Hacettepe University Vasculitis Center, and Division of Paediatric Rheumatology, Department of Paediatrics, Faculty of Medicine, Hacettepe University, Ankara, Turkey.
Clin Exp Rheumatol. 2021 Mar-Apr;39 Suppl 129(2):32-38. doi: 10.55563/clinexprheumatol/kr357t. Epub 2020 Sep 16.
Takayasu's arteritis (TAK) is a chronic vasculitis, affecting predominantly the aorta and/or its major branches. The aim of this study was to compare the differences between childhood and adult onset TAK.
We retrospectively evaluated 179 TAK patients followed between August 2005 and July 2019. Demographic characteristics, laboratory features, disease activity, echocardiographic data at diagnosis and treatment regimens in the disease course were compared between the paediatric and adult onset patients.
Twenty-five paediatric-onset (<18 years of age at diagnosis) and 154 adult-onset patients (≥18 years of age at diagnosis) were enrolled. The mean age at diagnosis for children and adults were 13.6±4 and 35.6±13, respectively. Paediatric onset TAK patients had more intense inflammation at the time of diagnosis reflected in their clinical findings. Acute phase reactants were high in all paediatric patients and significantly higher in patients with paediatric-onset TAK (p=0.006 and p=0.005, respectively). Abdominal predominant disease was more common in the paediatric group, in contrast, focal disease and aortic arch predominant disease were more common in the adult group. Ascending aortic dilatation, left ventricular hypertrophy and moderate-severe aortic insufficiency were more frequent in echocardiography findings of paediatric onset TAK patients. In comorbidities, hypertension was more common in paediatric TAK patients during follow-up, whereas cerebrovascular disease was more common in adult patients.
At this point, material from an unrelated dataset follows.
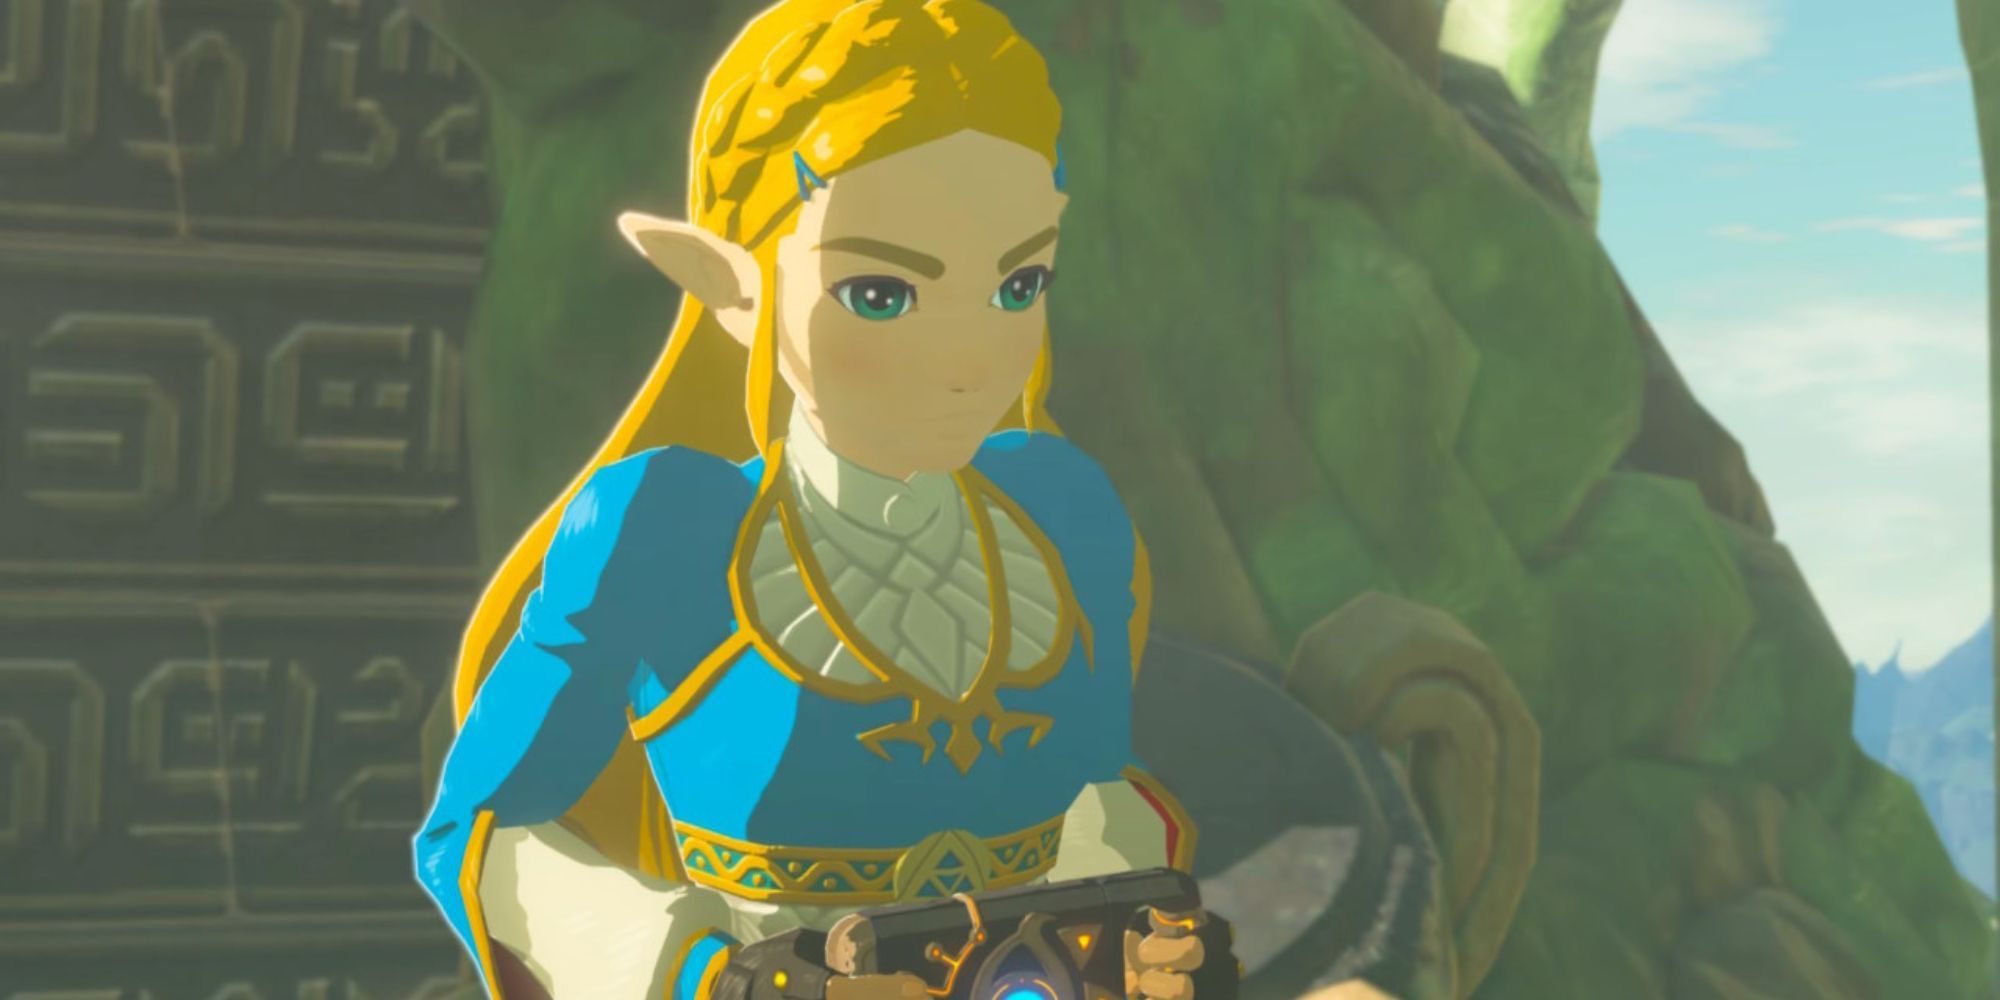 Zelda holds a Sheikah Slate in front of a Shrine

Our paediatric onset TAK patients presented with a more severe inflammation and more widespread vascular involvement. Multicentre studies from different geographic areas are needed to verify our observation and understand the underlying causes.
Takayasu 动脉炎(TAK)是一种主要影响主动脉及其主要分支的慢性血管炎。本研究旨在比较儿童和成人发病 TAK 之间的差异。
我们回顾性评估了 2005 年 8 月至 2019 年 7 月期间随访的 179 例 TAK 患者。比较了儿科和成人发病患者的人口统计学特征、实验室特征、疾病活动度、诊断时的超声心动图数据和疾病过程中的治疗方案。
纳入 25 例儿童发病(<18 岁)和 154 例成人发病(≥18 岁)患者。儿童和成人的诊断时年龄分别为 13.6±4 岁和 35.6±13 岁。儿科发病 TAK 患者在诊断时炎症更剧烈,表现在其临床表现中。所有儿科患者的急性期反应物均升高,儿童发病 TAK 患者的升高更为显著(分别为 p=0.006 和 p=0.005)。腹部为主型疾病在儿科组更为常见,而局灶型疾病和主动脉弓型疾病在成人组更为常见。升主动脉扩张、左心室肥厚和中重度主动脉瓣关闭不全在儿科发病 TAK 患者的超声心动图表现中更为常见。在合并症方面,高血压在儿科 TAK 患者随访期间更为常见,而脑血管疾病在成人患者中更为常见。
我们的儿科发病 TAK 患者表现出更严重的炎症和更广泛的血管受累。需要来自不同地理区域的多中心研究来验证我们的观察结果并了解其潜在原因。